Выбрать главу

Интересы его и правда лежали в другой области. Он давно уже много читал, упорно учился, сдал экзамены за курс средней школы и сумел устроиться помощником учителя, притом в настоящей городской школе. Год спустя он получил стипендию на педагогическом факультете Лондонского университета. Это определило его дальнейшую жизнь.

Приход Уэллса в Лондонский университет означал для него приобщение к миру науки и к миру литературы. Его любимым учителем стал Томас Генри Хаксли (Гекели) — ученик и друг Дарвина, сумевший перенять не только научную, но и гуманитарную традицию основателя новой биологии. Дарвиновское «Происхождение видов» не раз называли потом большим явлением литературы, Томас Хаксли завоевал огромный литературный авторитет уже при жизни, хотя говорил только о науке.
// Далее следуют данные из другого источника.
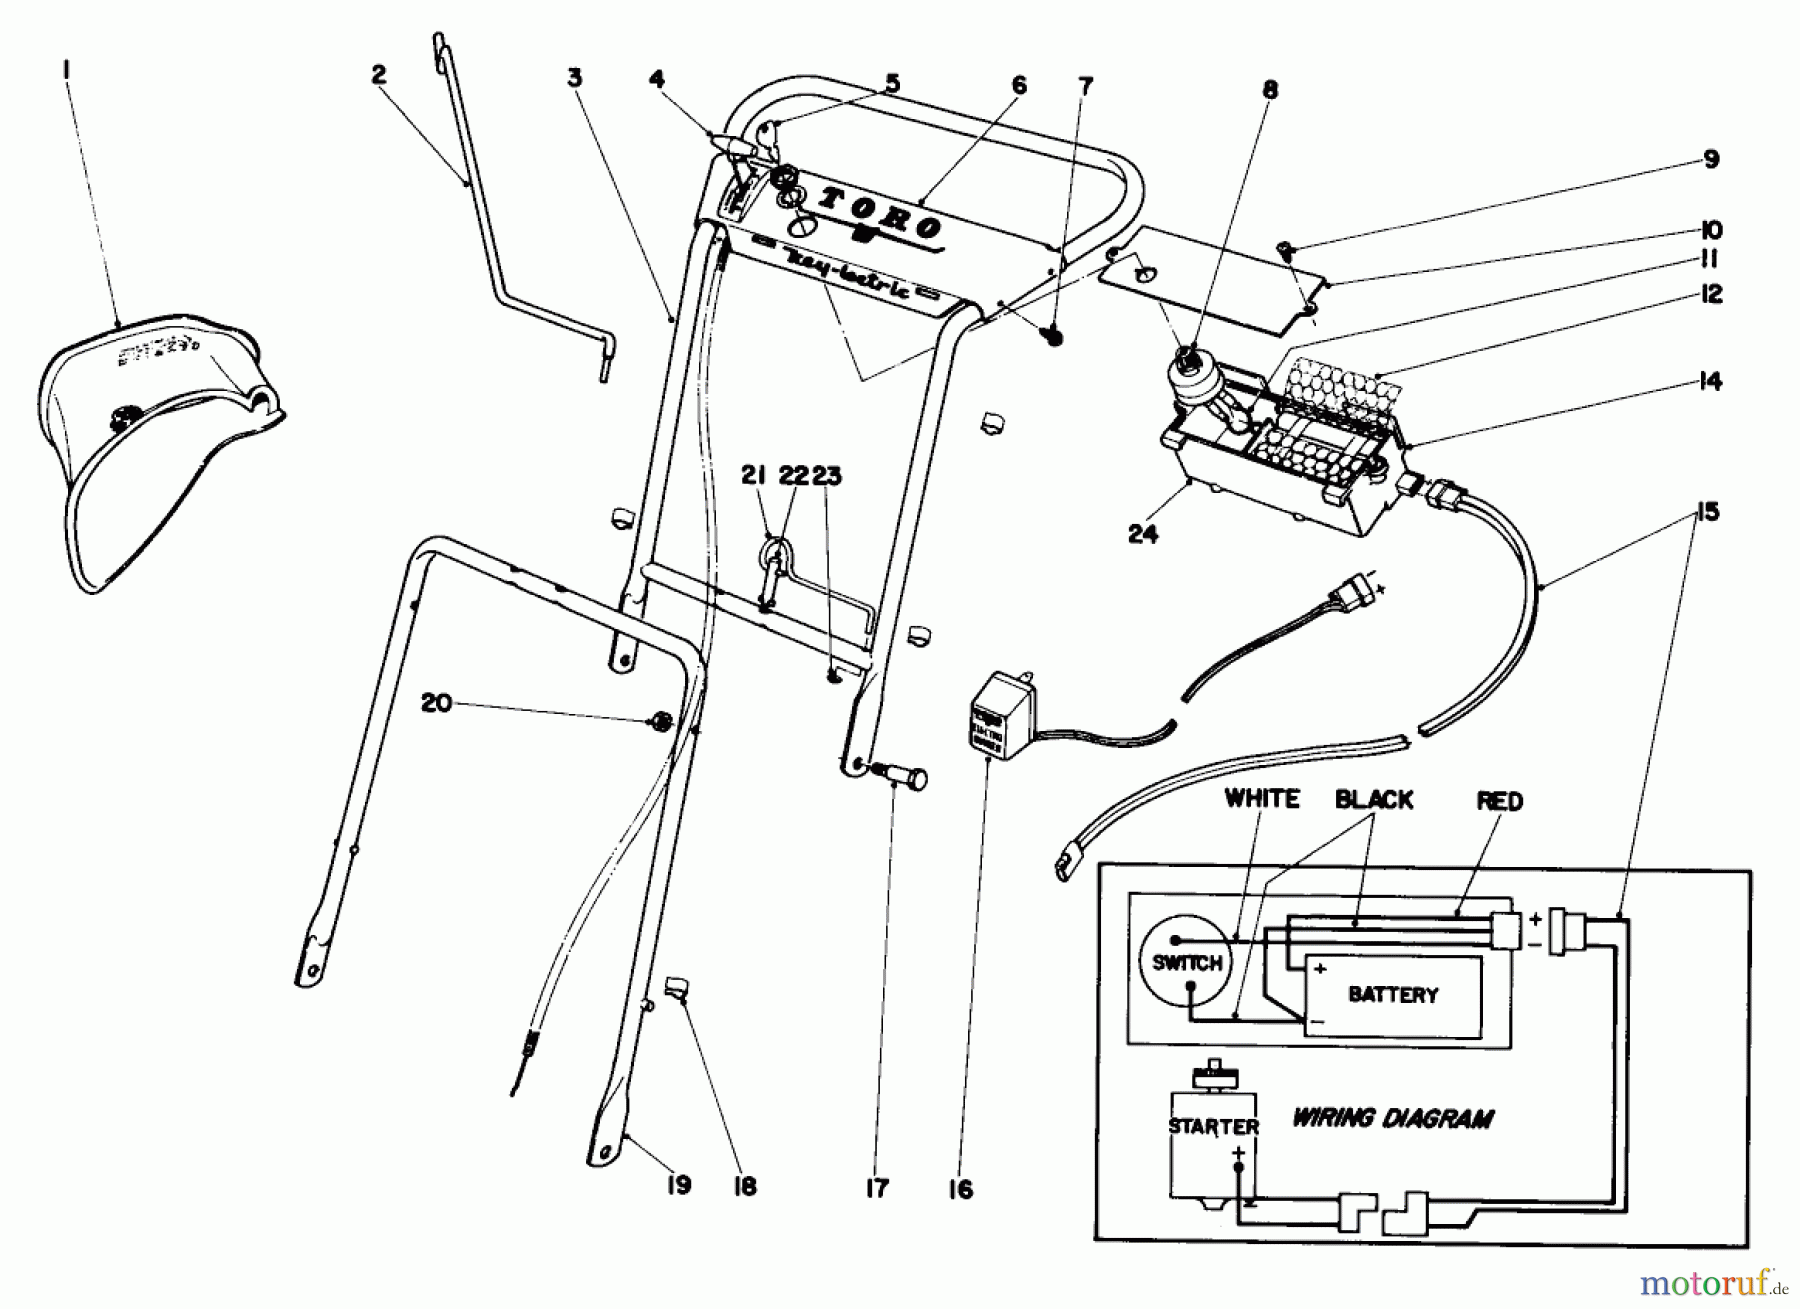  Toro Neu Mowers, Walk-Behind Seite 1 19250 - Toro Whirlwind Lawnmower, 1969 (9000001-9999999) HANDLE ASSEMBLY
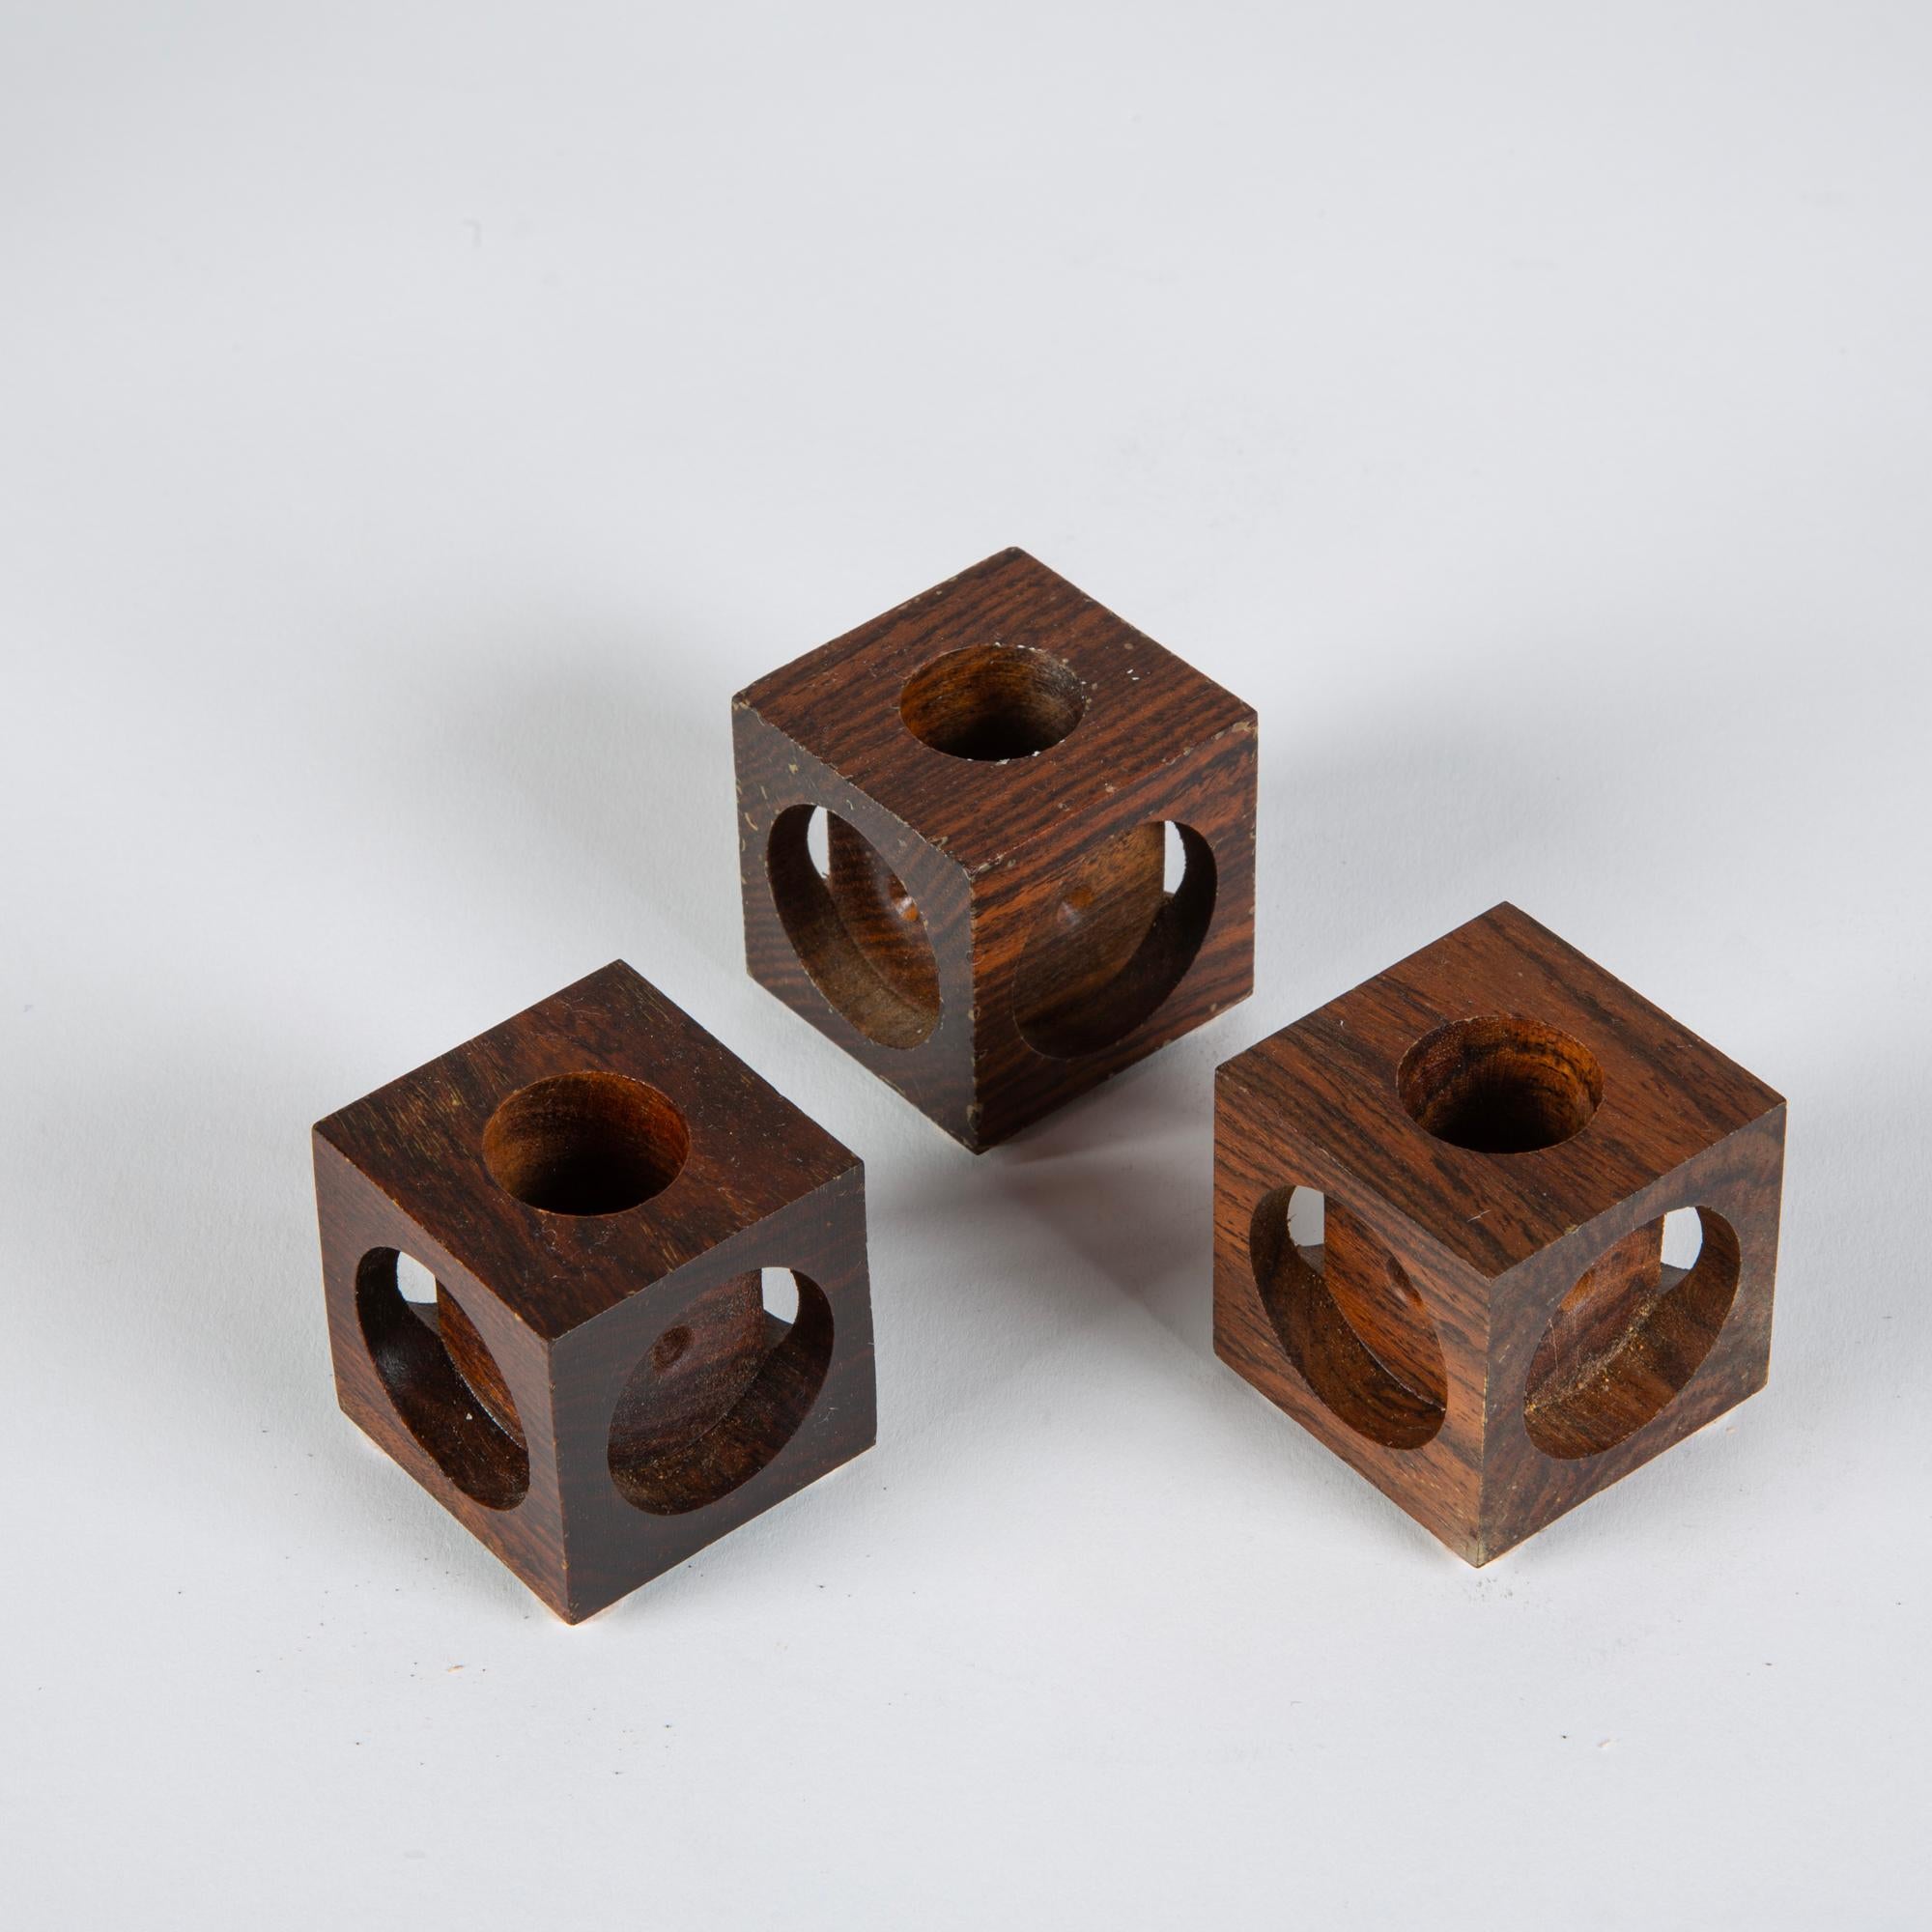 Satz von drei Don Shoemaker für Señal Kerzenhalter aus Cocobolo. Die handgeschnitzten, minimalistischen Rosenholz-Kerzenhalter weisen ein geometrisches Blockdesign mit kreisförmigen Ausschnitten auf jeder Seite auf. Die Oberseite jedes Blocks hat in

Но этот разговор вел человек, уверенный, что наука проникает собой весь мир и что не должно быть резко очерченных границ между нею и литературой. «Я всю жизнь испытывал острое наслаждение, встречаясь с красотой, которую предлагают нам природа и искусство, — писал он.— Физика, надо думать, сумеет когда-нибудь сообщить... точные физические условия... при которых возникает это удивительное и восторженное ощущение красоты. Но если такой день и придет, наслаждение и восторг при созерцании красоты останутся, как прежде, за пределами мира, истолкованного физикой». Искусство не было для Хаксли способом передачи истины, найденной наукой. Он справедливо считал его самостоятельным путем исследования мира и нахождения истины. Но Хаксли при этом твердо верил, что художник, чей разум развился в общении с наукой, всегда имеет преимущества перед художником, к ней безразличным. Отвернуться от науки, говорил он, значит отвернуться от современности, от ее задач, отказаться мыслить в ее масштабах. Ведь наука и литература восходят к чему-то более высокому — культуре, являются частями ее, и у них общая цель: решить вопрос о месте человека в природе и его отношении ко вселенной, о пределах власти человека над природой и власти природы над ним, о смысле жизни.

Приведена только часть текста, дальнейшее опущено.